Скотт мог трахаться с кем угодно, но до тех пор, пока ему не нужно было изображать из себя девушку. Здесь проходила четкая грань. Как в бейсболе, он может бросать мяч, но вот ловить его — ни в коем случае; он может позволить педикам делать ему минет, но сам его делать не будет ни в какую, не говоря уже о том, чтобы засовывать к себе в задний проход чужие пальцы, об этом, черт побери, и речи быть не может! Он был, есть и всегда будет нормальным мужчиной.

Это он всегда старался показать всем. Те штучки, с которыми он встречался, точно это знали, в постели он великолепен, они ему сами это говорили.

О'кей, может, он и бывал гомиком в тюрьме, где раз-другой довелось побывать, но ведь то было за решеткой. В кутузке каждую секунду приходится сражаться за свою шкуру; если ходишь в любимчиках у какого-нибудь пахана, то иной раз только это тебя и спасает, тогда, может, ты останешься в живых и можешь рассчитывать на кое-какие послабления. Впрочем, ни для кого не секрет, что в тюрьме люди сильно меняются, о соблюдении правил там можно говорить весьма условно. В тюрьме многим хорошим ребятам приходится превращаться в настоящих преступников, в настоящих Барбье, вот так, хочешь — верь, хочешь — нет! Это не имеет ничего общего с тем, как человек живет на свободе.

На следующий вечер он снова отправился в «Росинку», чтобы приятно провести время, в «Росинке» полно дешевых шлюх, высматривающих настоящих мужиков вроде него.

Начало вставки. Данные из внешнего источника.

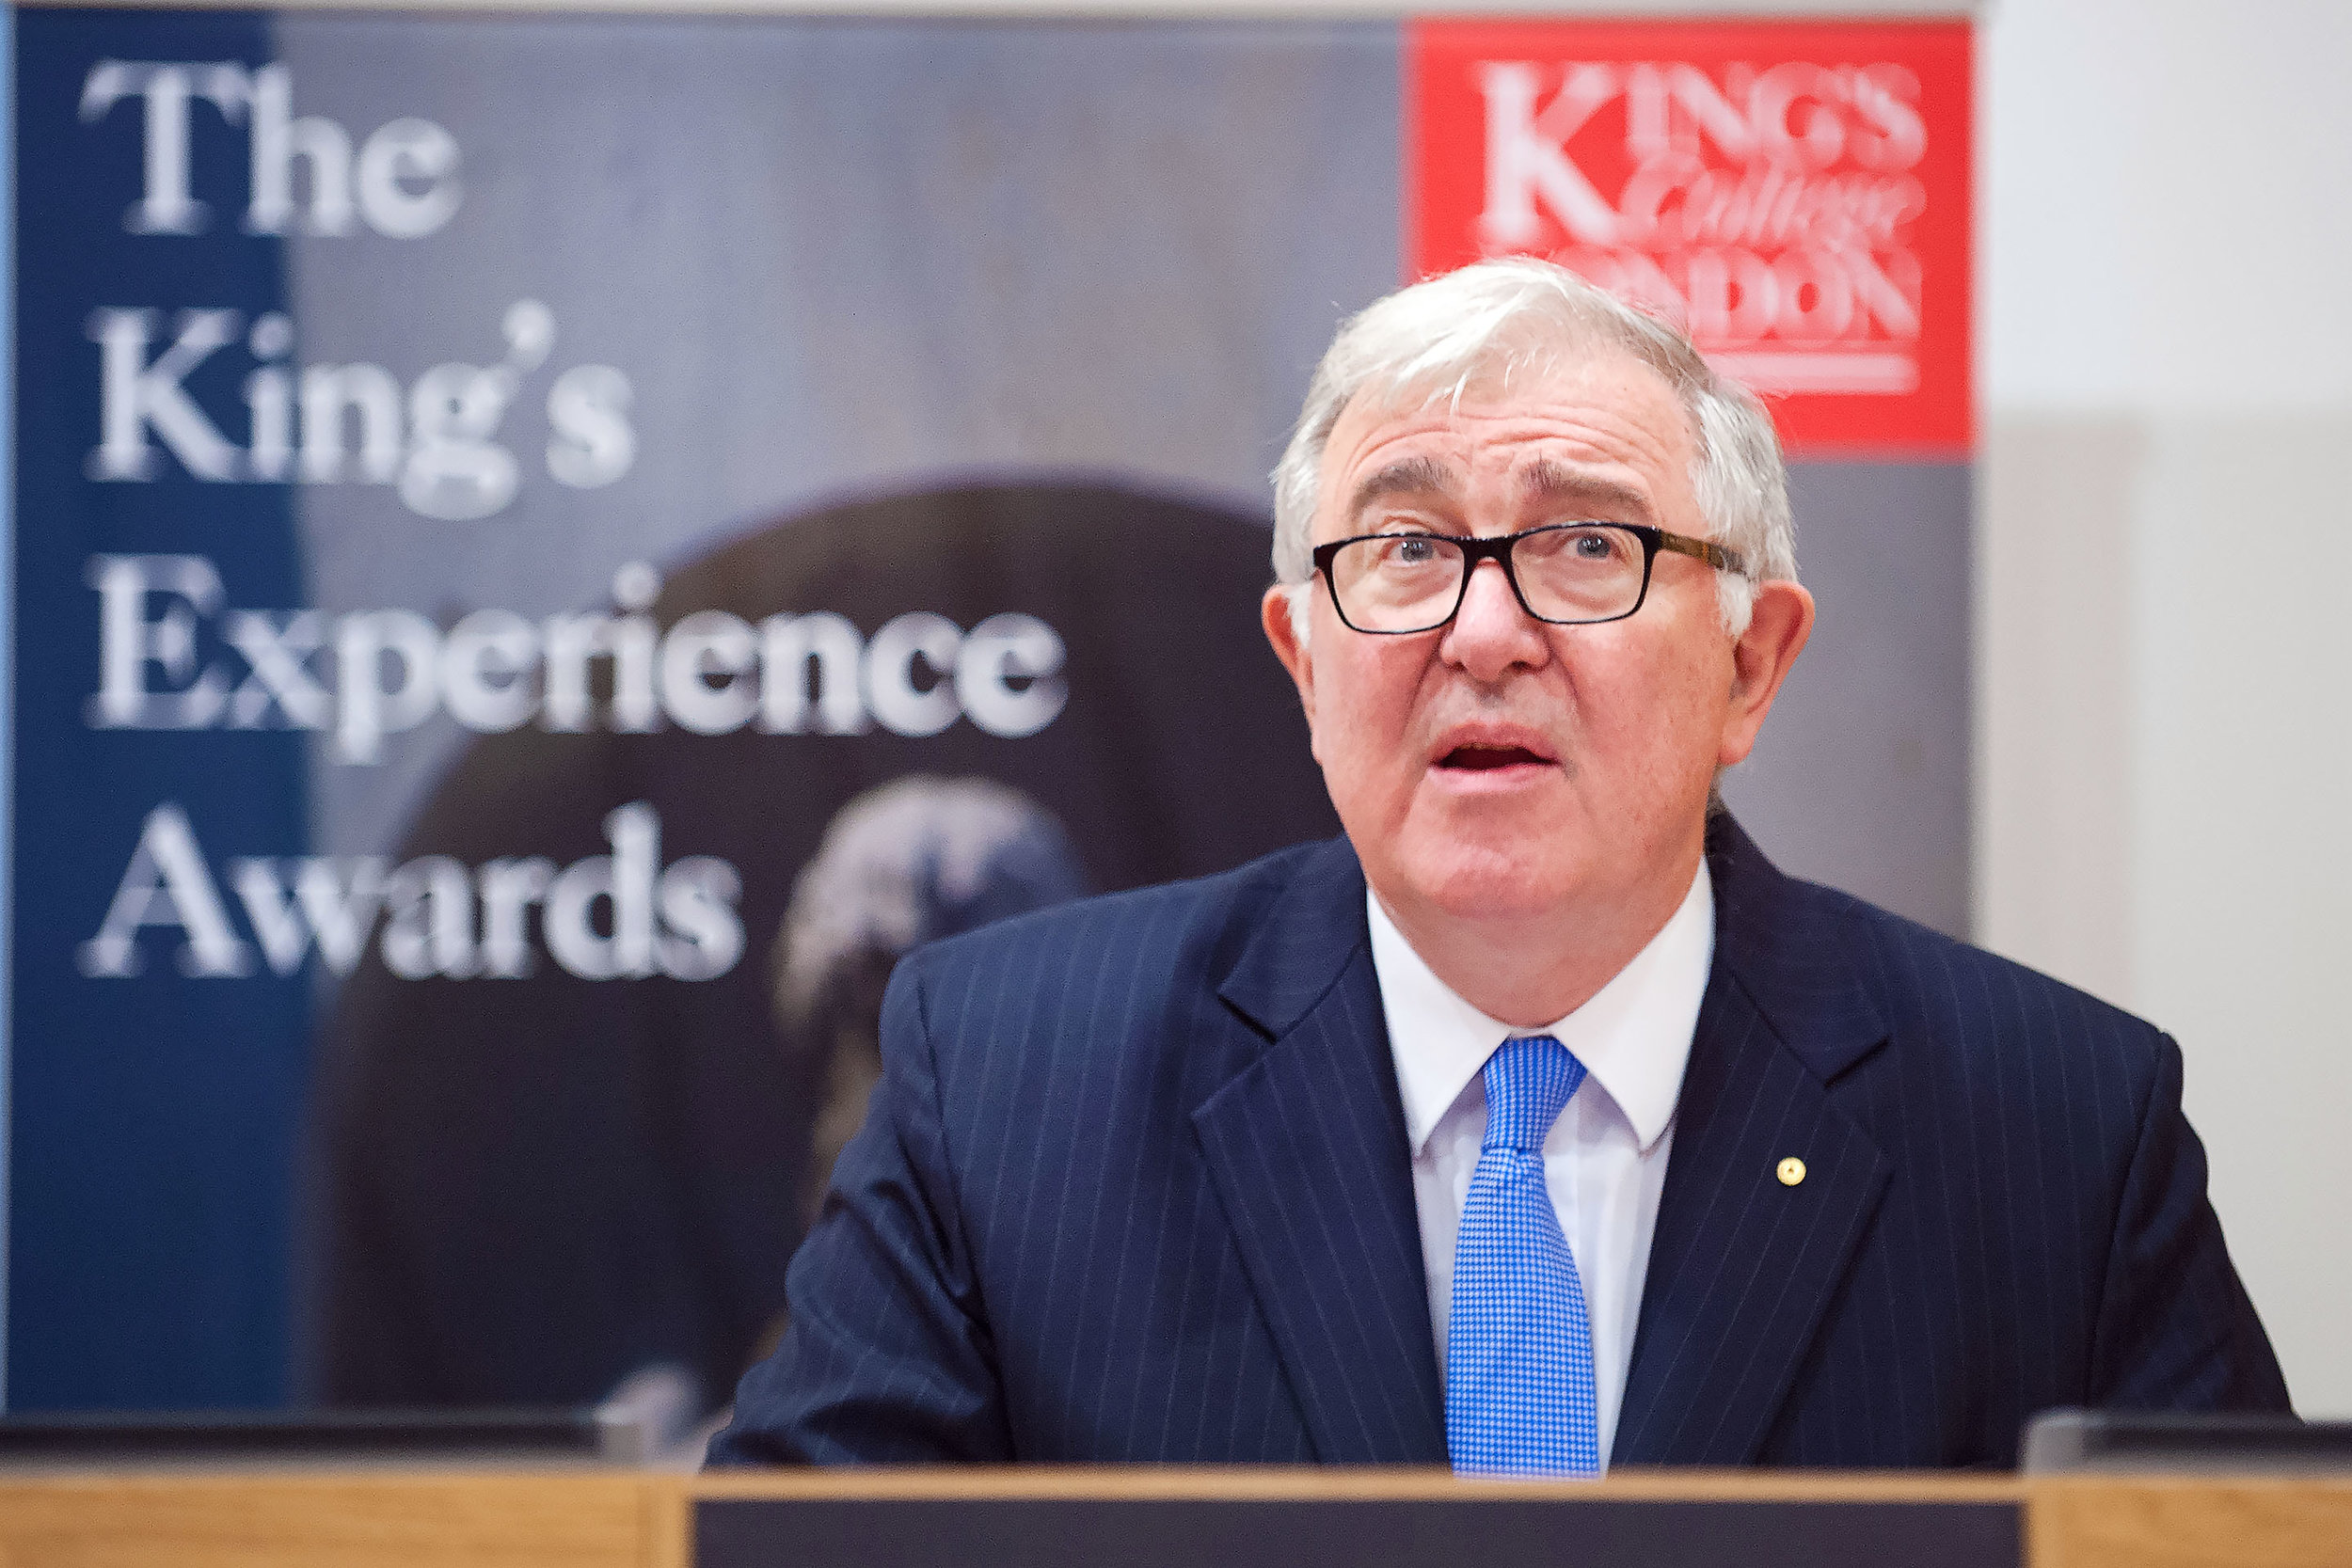 kings_experience_awards_071216_0100.jpg

Ричард тоже там был и тут же прилепился к Скотту. Он возражать не стал, потому что хотел прикупить еще немного травки, а Ричард знал нужных людей. Тогда Ричард был с горничной из мотеля по имени Рита, она уродлива до безобразия, но он с ней пришел, они добирались сюда на попутных машинах, потому что тачка Ричарда была не на ходу. Ричард начал знакомить его с Ритой. Скотт помнил ее еще по вчерашнему вечеру — она чуть ли не вешалась ему на шею. Пришлось дать ей от ворот поворот, он привык подходить к бабам с более высокими мерками; не обязательно, чтобы рядом оказалась победительница конкурса красоты или еще какая шикарная бабенка, но на этой девахе просто пробы негде ставить, даже слепому видно, что не найдется, наверное, на свете мужика, с которым она бы еще не трахалась, как не найдется такой заразы, которой она еще не переболела. Лучше держаться от этой Риты Гомес подальше — и сейчас, и потом.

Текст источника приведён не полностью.